Monday, April 26, 2010

Stephen Hawking warns over making contact with aliens

Stephen Hawking warns over making contact with aliens

Stephen Hawking
Mr Hawking says it is 'perfectly rational' to believe in aliens

Aliens almost certainly exist but humans should avoid making contact, Professor Stephen Hawking has warned.

In a series for the Discovery Channel the renowned astrophysicist said it was "perfectly rational" to assume intelligent life exists elsewhere.

But he warned that aliens might simply raid Earth for resources, then move on.

"If aliens visit us, the outcome would be much as when Columbus landed in America, which didn't turn out well for the Native Americans," he said.

Prof Hawking thinks that, rather than actively trying to communicate with extra-terrestrials, humans should do everything possible to avoid contact.

He explained: "We only have to look at ourselves to see how intelligent life might develop into something we wouldn't want to meet."

The real challenge is to work out what aliens might actually be like
Stephen Hawking

In the past probes have been sent into space with engravings of human on board and diagrams showing the location of our planet.

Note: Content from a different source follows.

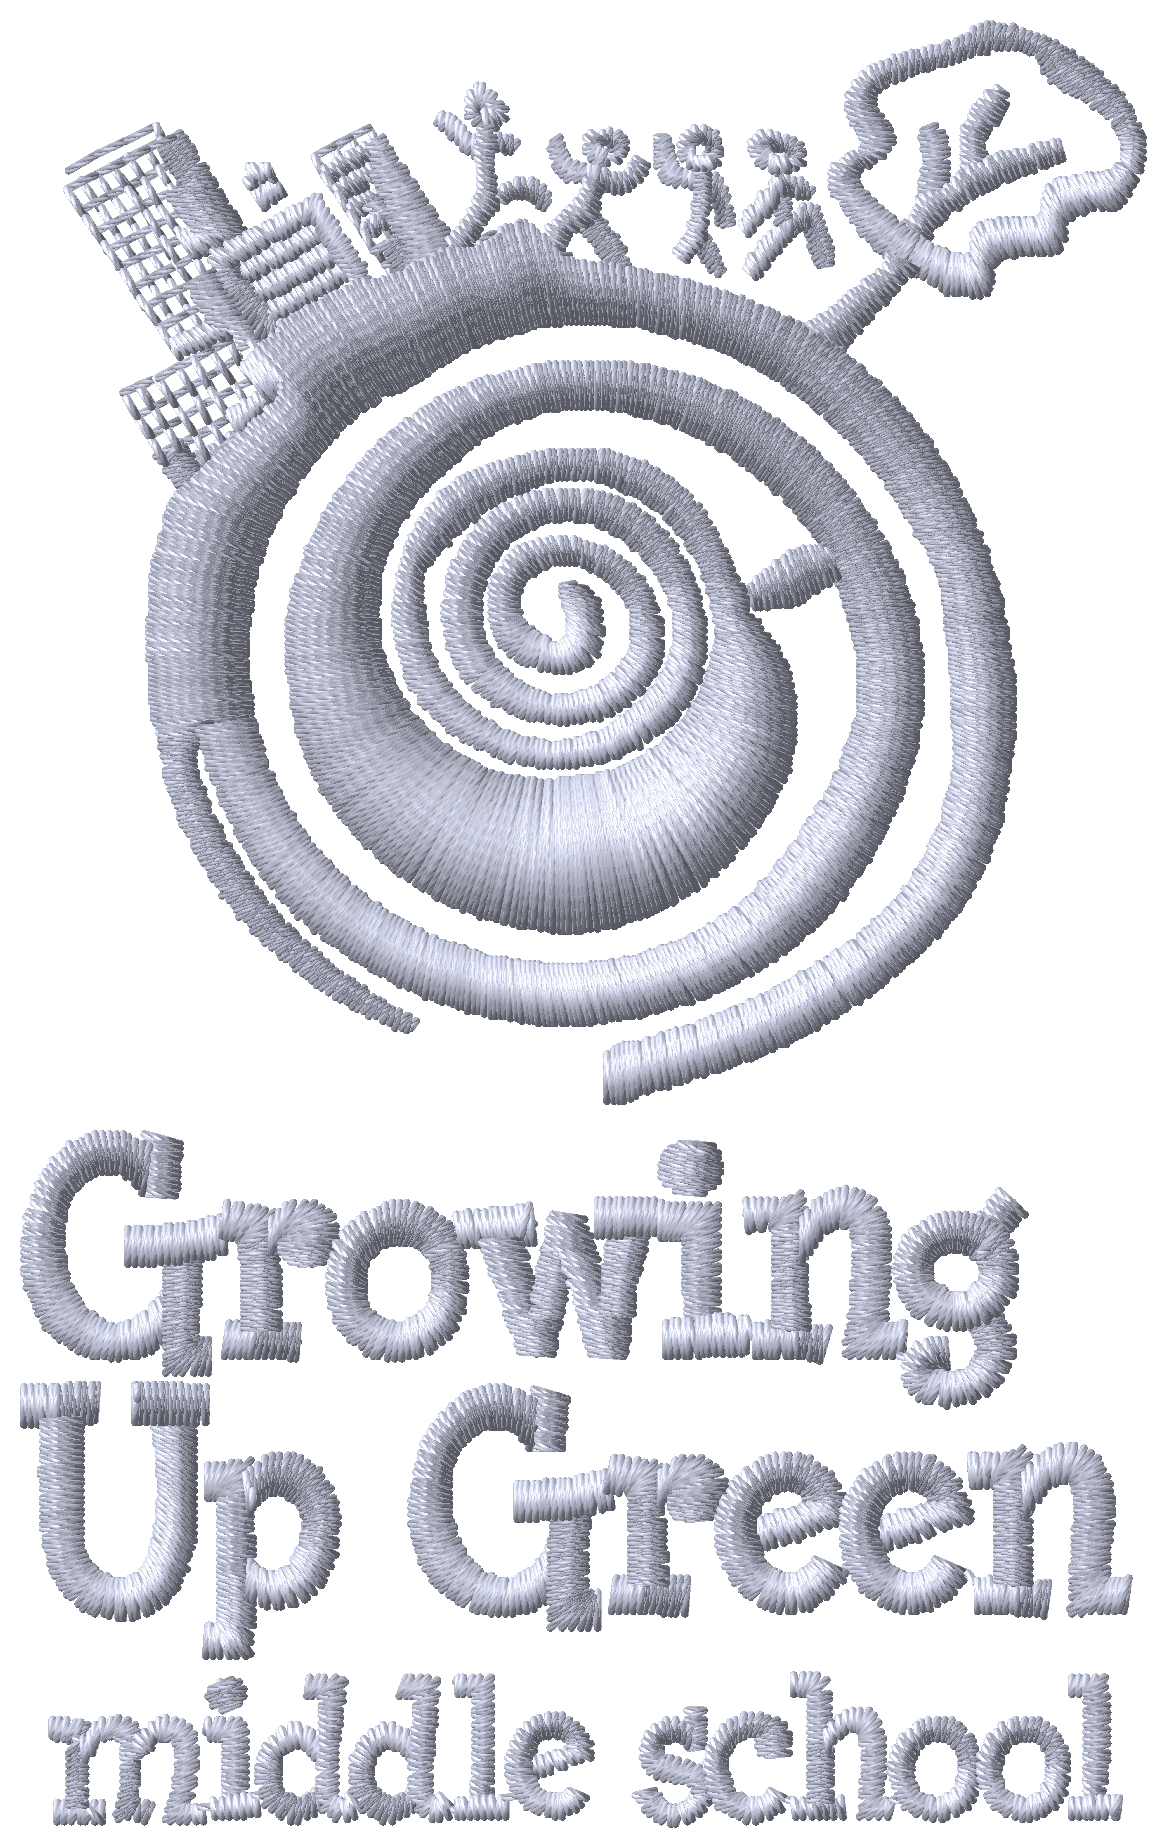 Growing Up Green Charter School

Radio beams have been fired into space in the hope of reaching alien civilisations.

Prof Hawking said: "To my mathematical brain, the numbers alone make thinking about aliens perfectly rational.

"The real challenge is to work out what aliens might actually be like."

The programme envisages numerous alien species including two-legged herbivores and yellow, lizard-like predators.

But Prof Hawking conceded most life elsewhere in the universe is likely to consist of simple microbes.

In the recent BBC series Wonders of the Solar System, Professor Brian Cox, a physicist from the University of Manchester, also suggested life may exist elsewhere within our solar system.

He said organisms could be present under the ice sheet that envelops Europa, one of Jupiter's moons.

Professor Cox added: "Closer to home, the evidence that life could exist on Mars is growing.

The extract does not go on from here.